I am trying to parallelize chunk loading in my game. I’m considering several things and jobs seem really nice. I’ve never used jobs before but I’m quite familiar with low-level data management and I have some ancient experience with multithreading. Trying to overcome the limitations posed by jobs is quite the challenge though. I am NOT using ECS, this is pure job system and MonoBehaviours.
I’m trying to generate a 2D array of noise points in a job. The first hurdle I needed to overcome was that I use the FastNoise2 library. This is a library written without jobs in mind (it has state through a sort of node system, and it’s even a native library), but in theory, generating noise only reads from the noise generator and doesn’t write. My current solution is to use the [NativeDisableUnsafePtrRestriction]
and it seems to be working (it gets past the noise gen line without errors). If anyone has a better idea for this, let me know, but this is not the biggest problem (worst case, I’ll write the noise generating function myself, I don’t need state anyway).

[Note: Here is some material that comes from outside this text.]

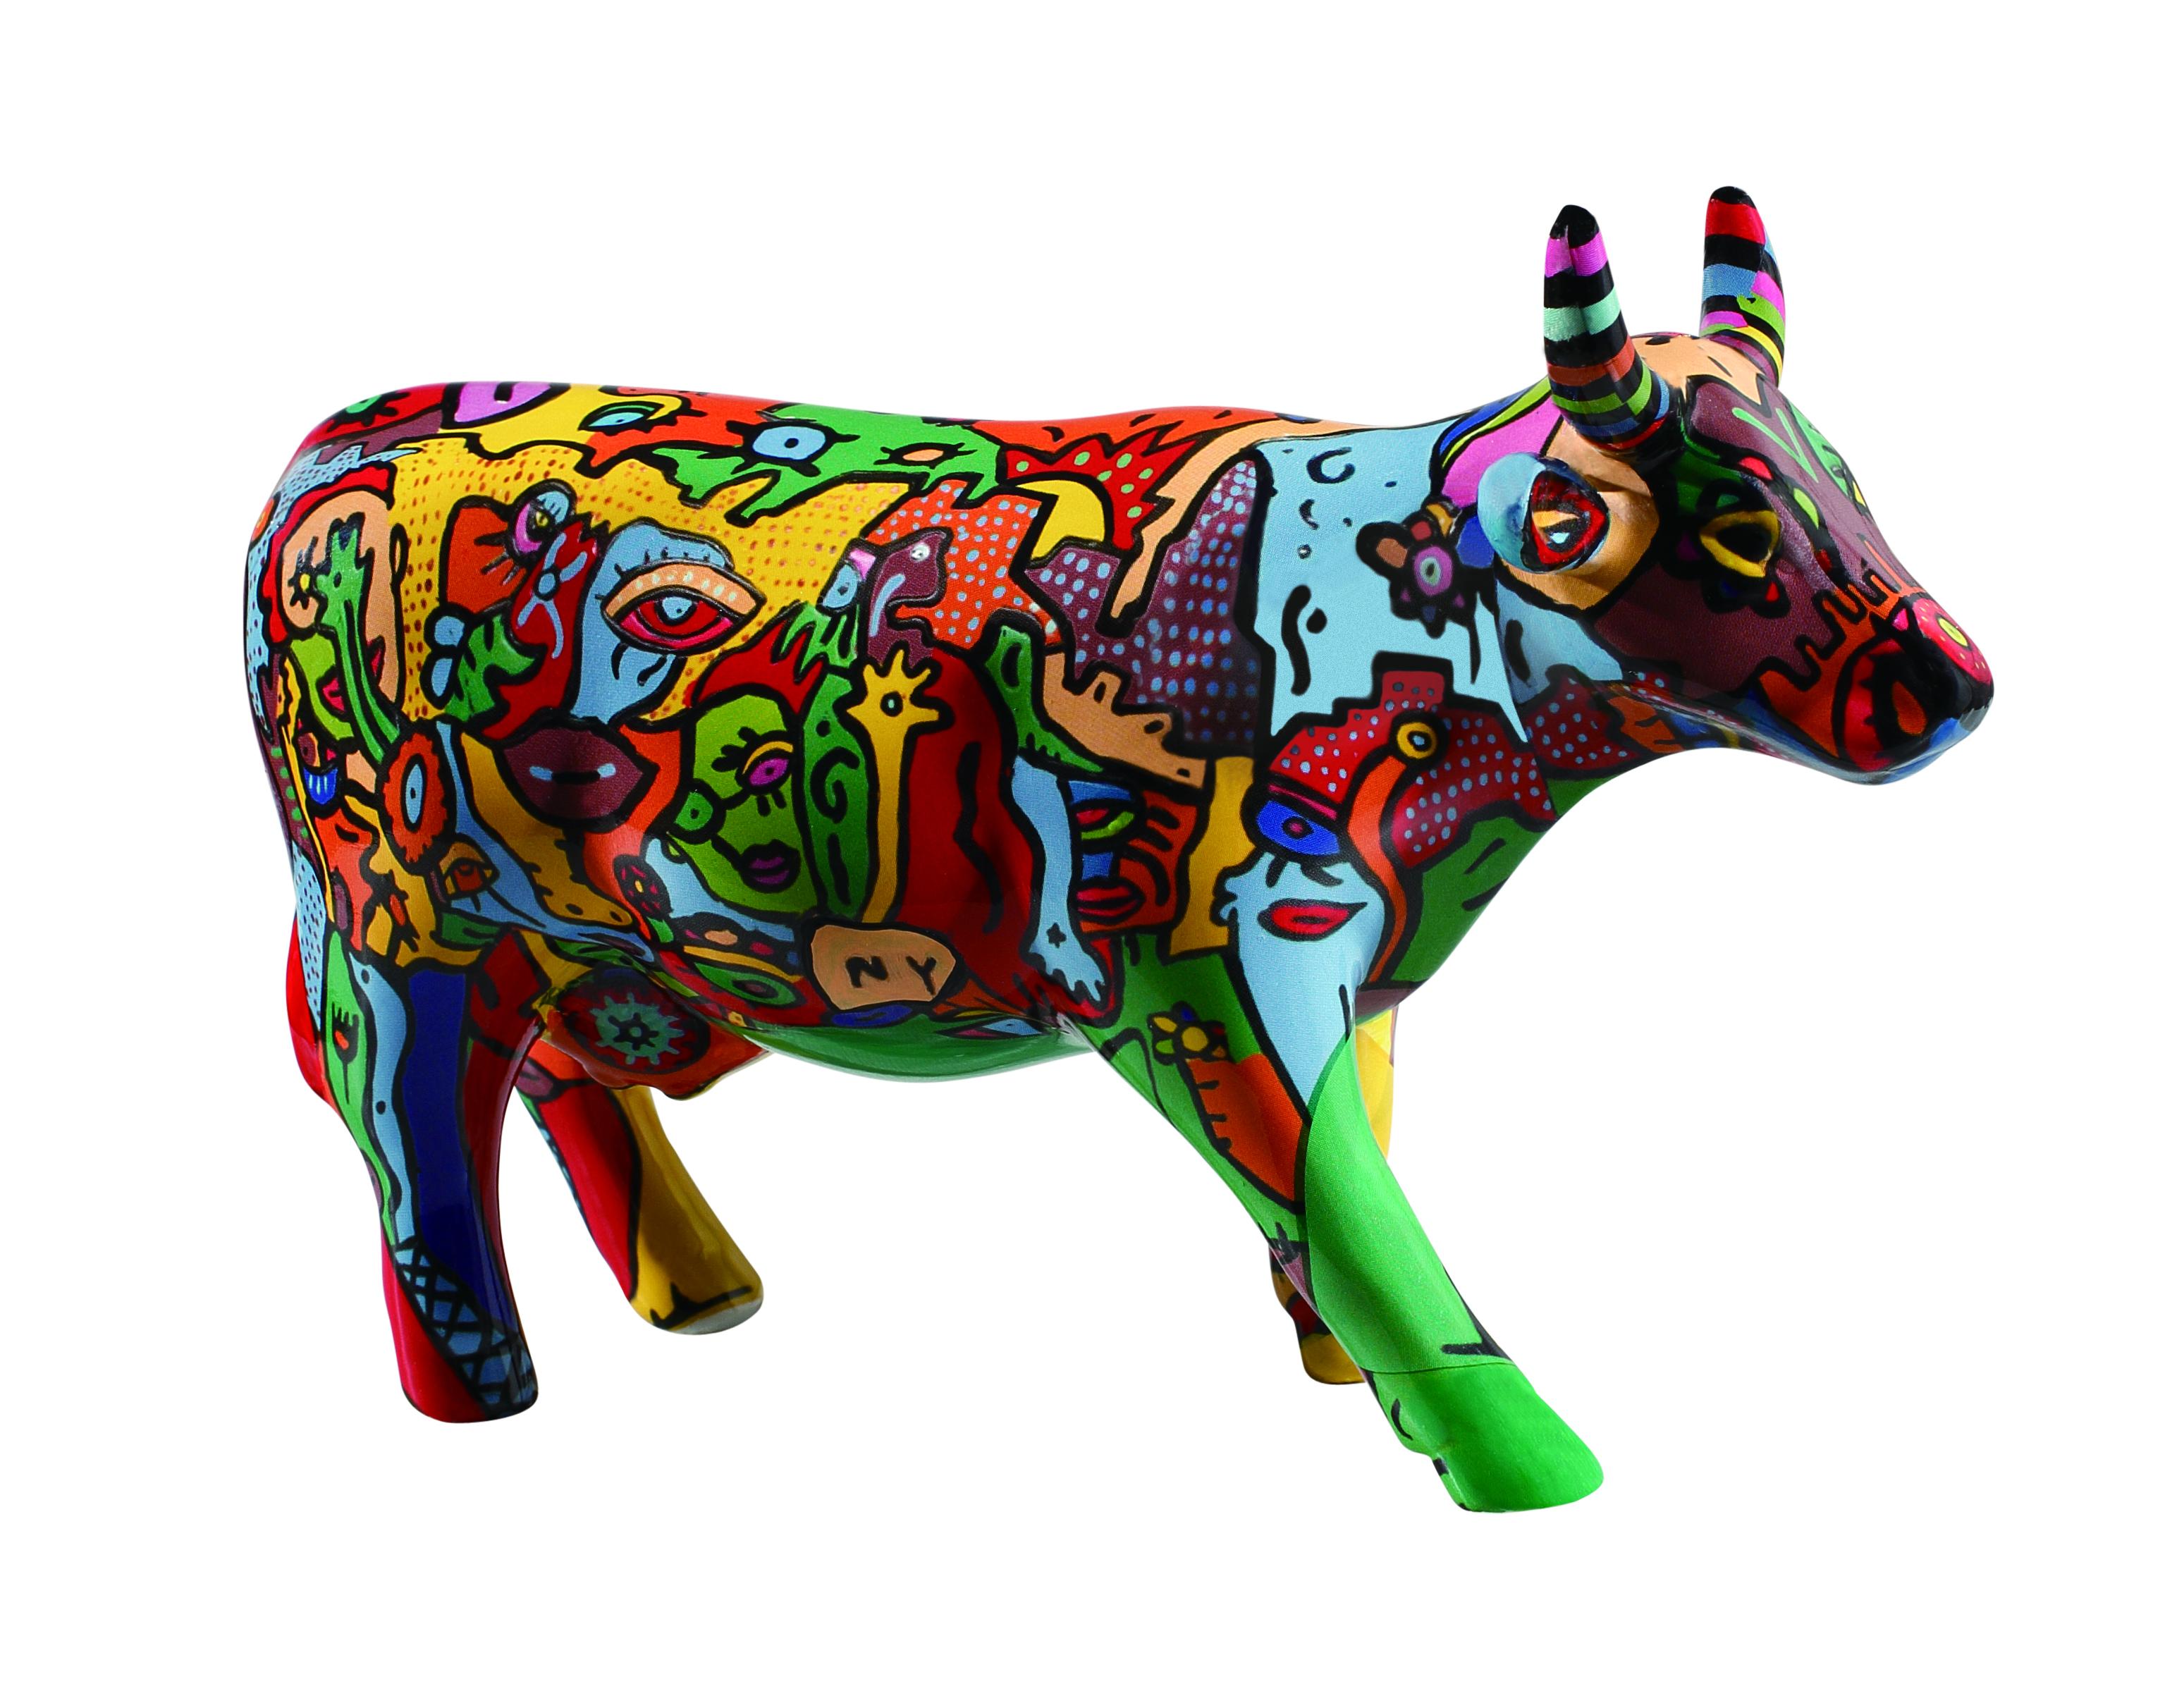 Cow Parade Moo York Celebration Medium Cowparade

The second hurdle is outputting the points. I’m really breaking my head over this and I seem to be getting nowhere. The (simplified) structure of my job is as follows:
public struct ChunkData {
public Vector2Int startOffset;
public float[] noiseData; // <----- What do I put here???
}
public struct GenerateNoiseJob : IJonParallelFor {
[] public FastNoise noiseGen;
public NativeArray<ChunkData> chunks;
public void Execute(int chunkIndex) {
Vector2Int offset = chunks[chunkIndex].startOffset;
float[] noiseMap = noiseGen.Gen2D(size, size, offset.x, offset.y) // actual call differs but this is the gist
for (int i = 0; i < noiseMap.Length; i++) {
// Do some additional processing....
chunks[chunkIndex].noiseData[i] = noiseMap[i]
}
}
}
For each chunk, I need to generate a noise map and then I need to process that noise map before I send it back to the managed code. Fairly simple. Except that the above code is not allowed, despite it not containing any data that could change. I know this, but the compiler doesn’t and there lies the problem. The noiseData
array is of known size and will only contain blittable data types, but any sort of nested collection is disallowed inside that Data struct. On top of that, I’d honestly really like it if the data was not copied at all, but instead had a reference to a pre-allocated chunk of memory in which it could modify the data. I can make sure this stays thread-safe.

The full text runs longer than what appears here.